The project started with data exploration, where we gained insights into the characteristics of the data. We found that the data was highly imbalanced, with fraudulent transactions accounting for less than 1% of the total transactions. This presented a challenge, as traditional classification models tend to struggle with highly imbalanced datasets.

To overcome this challenge, we applied various techniques to balance the dataset, such as oversampling the minority class using SMOTE (Synthetic Minority Over-sampling Technique) and undersampling the majority class. We also used stratified sampling during the train-test split to ensure that both the training and testing sets had a representative distribution of fraudulent and non-fraudulent transactions.
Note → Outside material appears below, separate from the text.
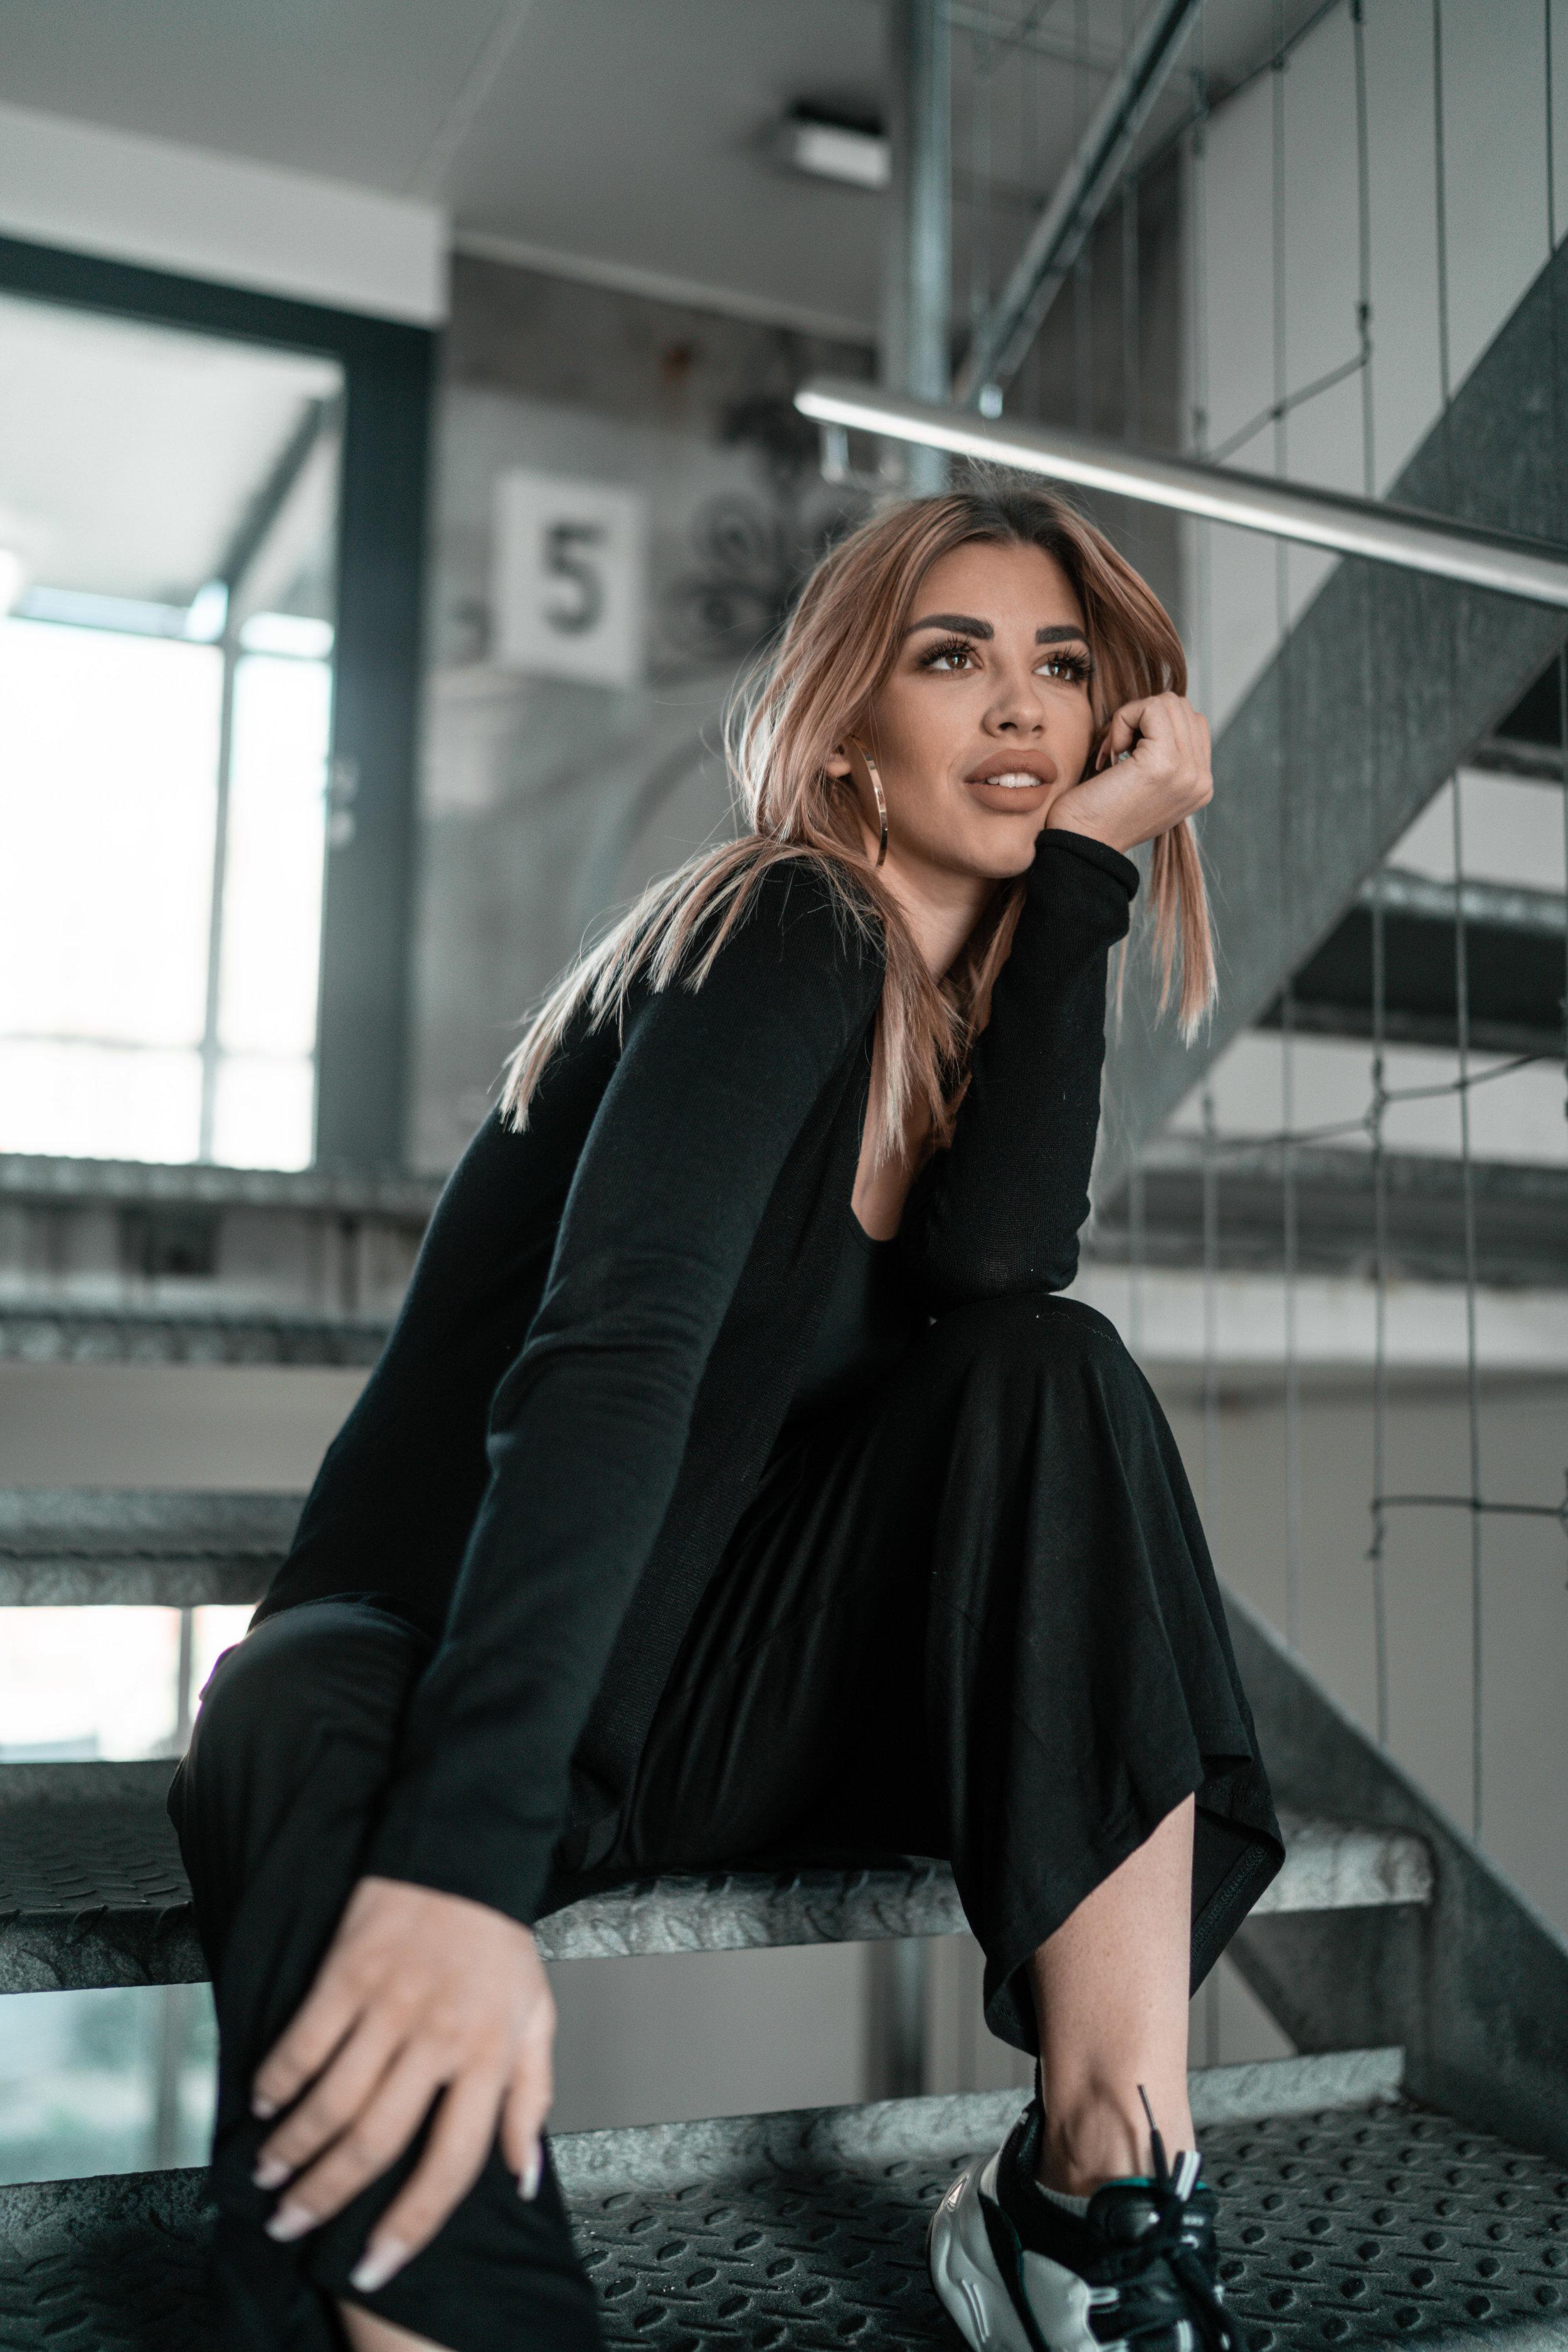 Dijana Cvijetic - Ex-Miss Universe Switzerland Dijana steht schon seit über 11 Jahren als Model vor der Kamera, und ist seit 5 Jahren professionell auf Instagram unterwegs.Auf Instagram arbeitet sie mit Marken auf der ganzen Welt zusammen wie z. Bsp. Pretty Little Thing, Skechers, Michael Kors, Rituals Cosmetics, NYX, Starbucks, Bobbi Brown uvm.

We then developed a deep learning model using Pytorch, which consisted of several dense layers with varying numbers of neurons and activation functions. We used binary cross-entropy as the loss function and Adam as the optimizer.

After training and testing the model, we achieved a high accuracy and F1-score, with minimal false negatives (fraudulent transactions incorrectly labeled as non-fraudulent). Overall, the project successfully developed a credit card fraud detection system using a deep learning network, while also addressing the challenge of working with highly imbalanced data.